After the Revolution

With Ceaușescu’s flight from Bucharest, political organisations started to rise from the underground. One movement in particular quickly became the main political actor leading the aftermath of the revolution. The FSN (Frontul Salvării Naționale or National Salvation Front) was composed of several high-ranking members of the existent Romanian Communist Party who had been vocal in their opposition to Ceaușescu since before the revolution. 

The FSN was quick to establish an interim government, led by Ion Iliescu as president and Petre Roman as the Prime Minister. On the 27th of December, with the violence finally placating, Ion Iliescu, a former friend of the Ceaușescu couple and an important official within the Romanian Communist Party, announced the abolition of the one-party system and called for free elections, to be held in May. These would be the first free elections Romania would have since 1937. 

The FSN Government

The FSN had originally promised not to stand in the May 1990 presidential and legislative elections. Despite this, in February the organisation registered as a political party, and by May they stood as a united front with a number of election candidates picked from the high-ranking officials of the former Socialist Republic. Iliescu, leading candidate for the presidency, insisted that the country had to move forward rather than focus on investigating the crimes of the former leaders. On the other hand, transitional justice was something that was strongly demanded by the other political parties that had emerged from the ashes of the revolution.

FSN knew that to win the elections they would have to portray themselves as something the people were familiar with. Iliescu used his charisma to be seen as a man close to the Romanian people. The party had no strong organised opposition running against them at the time and could boast the support of much of the international community. It thus came to no surprise that he was elected president with more than 85% of the votes and that FSN won a majority in both chambers of the Romanian Parliament, with Petre Roman remained Prime Minister, and its government started cautious economic reforms. With almost no opening on the rest of the world before 1990, Romania had, at the time, a severe lack of political culture.

The overwhelming support for the FSN would not last. While anti-Communist protests had already begun (or better, had never stopped) during the FSN’s interim government, the elections caused an uptick in civil unrest. Attacks against the government started at the hands of both the newly formed opposition parties and of the young generation and educated people, who had had a small taste of what it was freedom was like in most western European countries and liberal democracies. The violence of the demonstrations escalated in June 1990 during the so-called Mineriad.

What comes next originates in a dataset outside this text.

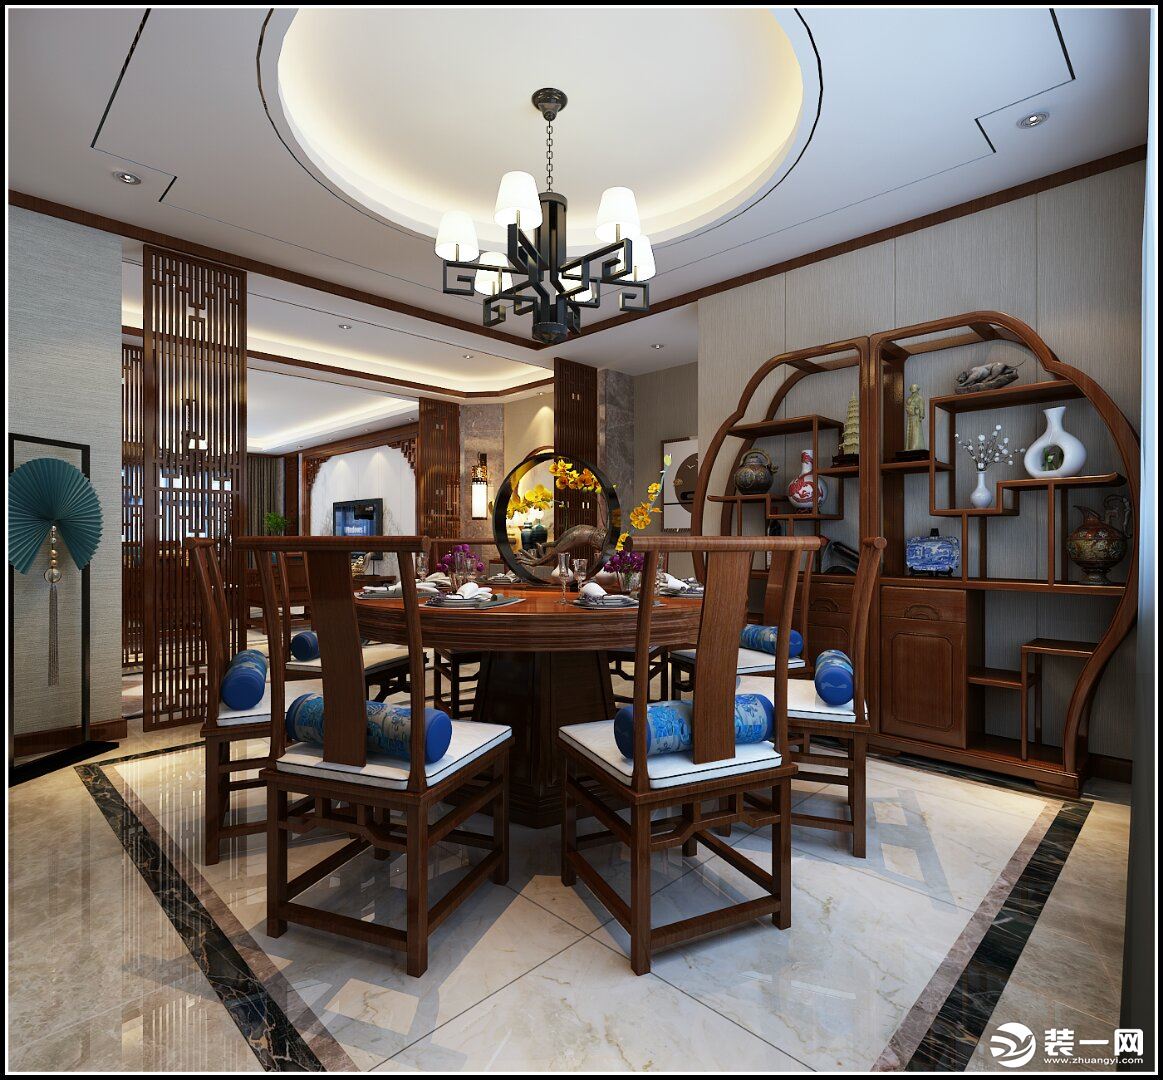 中国传统居室非常讲究空间的层次感，这种传统的审美观念在“新中式”装饰风格中，又得到了全新的阐释

Romanian voters headed to the polls in May of 1990

The Mineriad

Discontent against the continuation of the former Romanian Communist Party under another name, on the 22nd of April 1990 opposition parties and students organised a peaceful demonstration and march in Bucharest. The goal was to ensure an investigation in the events which had taken place during the revolution, the political independence of the Romanian Television station, and to ban all former members of the Romanian Communist Party from the new government. The demonstration soon became a sit-in that would last for over a month.

The numbers of demonstrators dropped after the FSN’s May victory, but many remained. The government attempted to negotiate, but on June 11th, the sit-in turned violent due to dissatisfaction over the results of these negotiations. Rioters attacked the government’s palace, and the police, military forces and army were called in to contain the violence. This uninterrupted protest between April and June 1990, led by university teachers and students, would become known as the Golaniad.

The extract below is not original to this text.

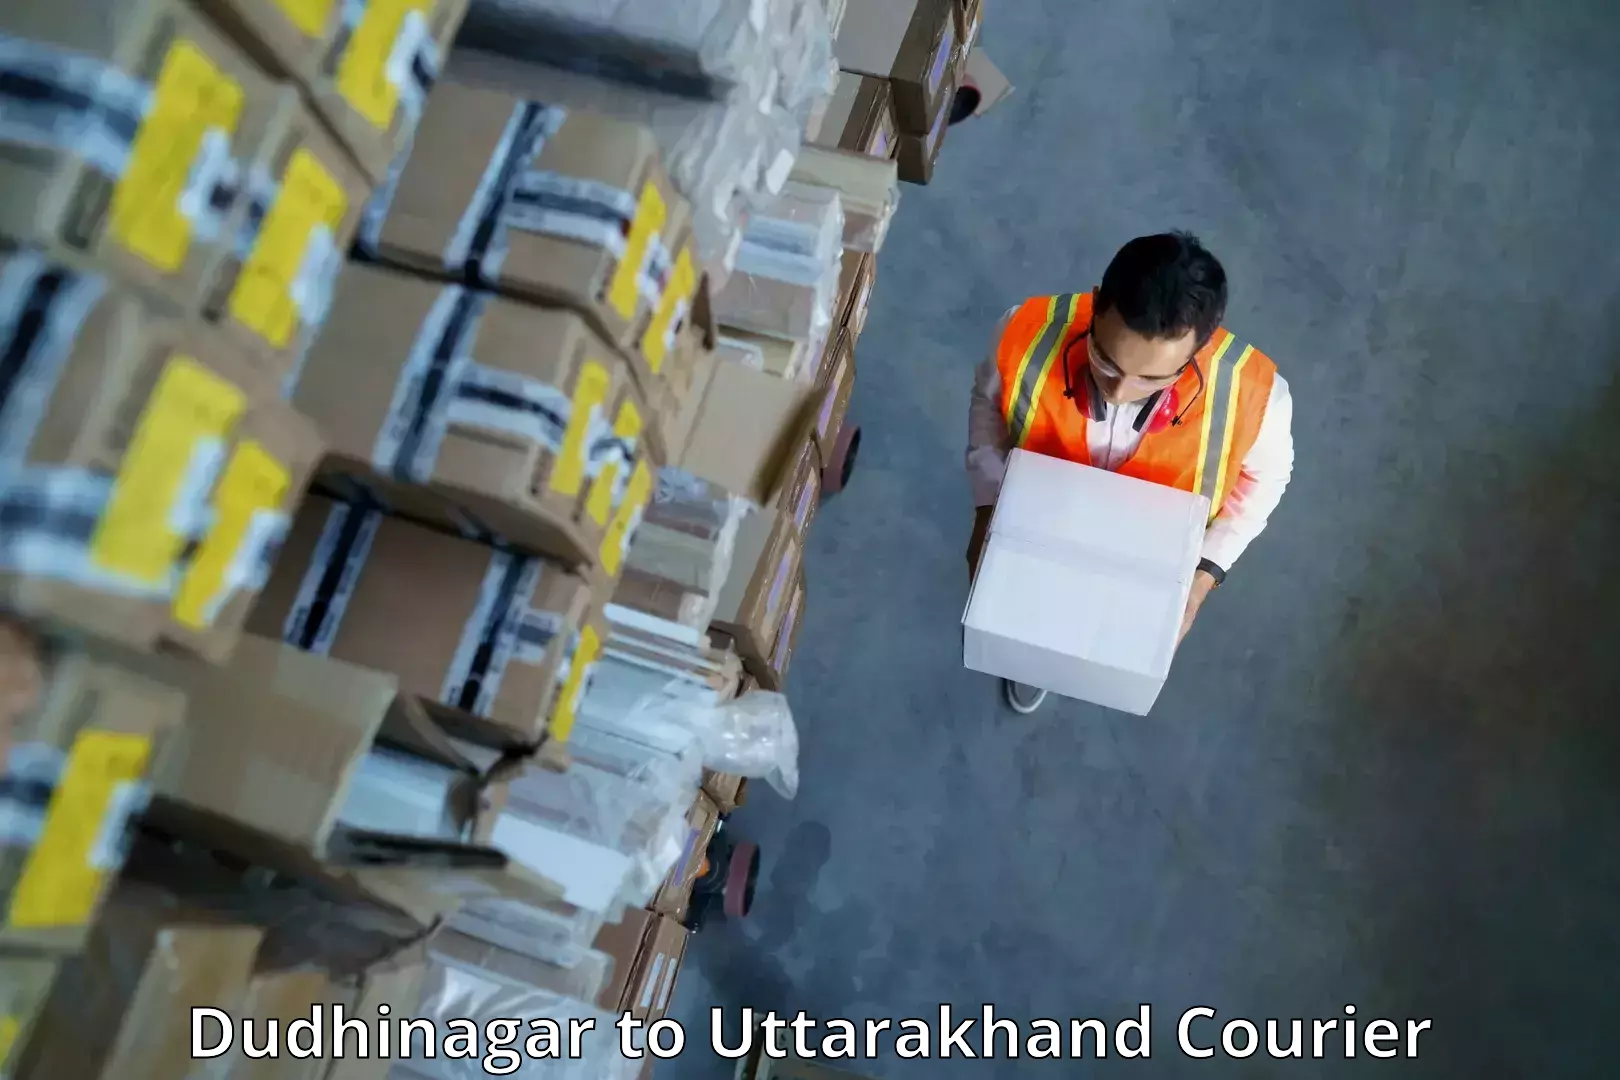 Global shipping solutions Dudhinagar to Ramnagar

In order to clear out the protests, the government also called to Bucharest industrial workers and coal miners from the Jiu Valley, in South-West Transylvania, who were mostly in support of Iliescu’s government. On the 14th of June, the miners, led by trade union leader Miron Cozma, charged the protesters alongside governments forces and police. The result was a very violent confrontation and hundreds of wounded people.

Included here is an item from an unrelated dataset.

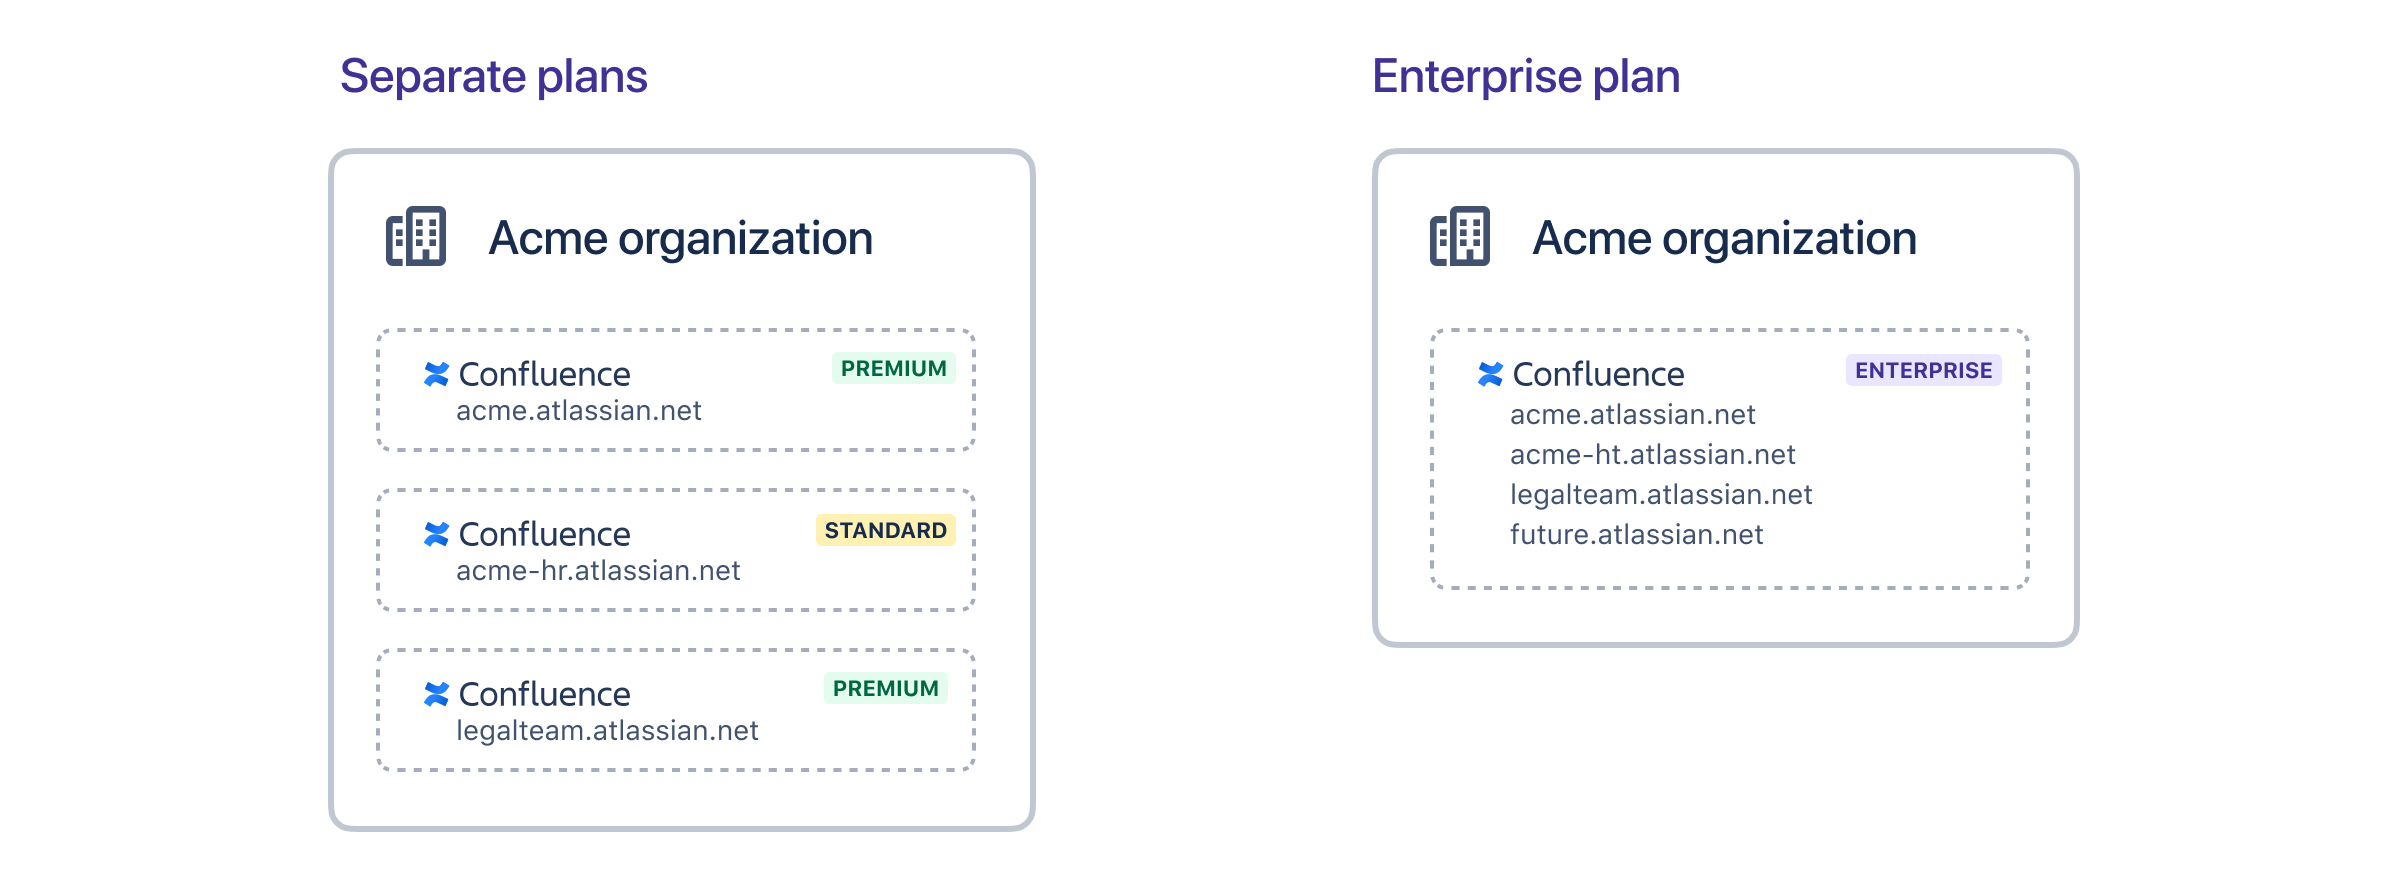 Standard プランと Premium プランを持つ組織と、Enterprise プランを持つ組織を示す図

While the pro-regime media claimed that the miners’ attack on the protesters “protected the newborn democracy”, the international community as well as the newborn independent and opposition press were shocked by this intervention and harshly questioned the legitimacy of the new government. The FSN only claimed that it “defended itself against anti-democratic protesters”.

Miners holding and beating up a protester on the 14th of June, 1990.

FSN Splits: A Chance for the Opposition

Even though opposition to FSN and Iliescu’s government was at the time growing, the regime attempted to retain power by exerting control over powerful media outlets, trying to influence debates and delegitimise opponents. The local geopolitical context, which included Yugoslavia’s collapse and the invasion of Moldova by Russian forces, was used as a tool by the government to present itself as a stability token, ensuring freedom and fairness reigned inside the country.

Despite this united front to the population, however, tensions within the echelons of the party started to rise. In April 1992, due to tensions between Prime Minister Petre Roman and Iliescu, the FSN split. Iliescu left with his supporters and founded the Democratic National Salvation Front, rebranded one year later as the Social Democratic Party of Romania.

Only a few months later, in September, general elections in the country reconfirmed Iliescu as president, and the Democratic National Salvation Front entered into a coalition with left-leaning and ultra-nationalist parties such as the PRM (Greater Romania Party). Petre Roman’s FSN only got 10% of the votes in both chambers of Parliament, and while he remained as party secretary, the party would be rebranded in 1993 as the Democratic Party.

In the midst of the chaos happening within the former FSN, one particular electoral alliance rose to the occasion. The Romanian Democratic Convention (CDR), composed of several centre-right political parties, managed to become the main political opposition and second-largest party in Romania between 1992 and 1996. Its impact was positive enough that during the 1996 elections, Emil Constantinescu, leader of the CDR and presidential candidate, managed successfully defeat Ion Iliescu in the second turn of the presidential election.

Constantinescu wasn’t affiliated in any way to the former Communist authorities and was an early opponent to the FSN. His term, although marked by some progress within the institutions and allowed foreign investors to enter in the hope of revitalizing the Romanian economy, was also undermined by the most important governmental crisis of the decade.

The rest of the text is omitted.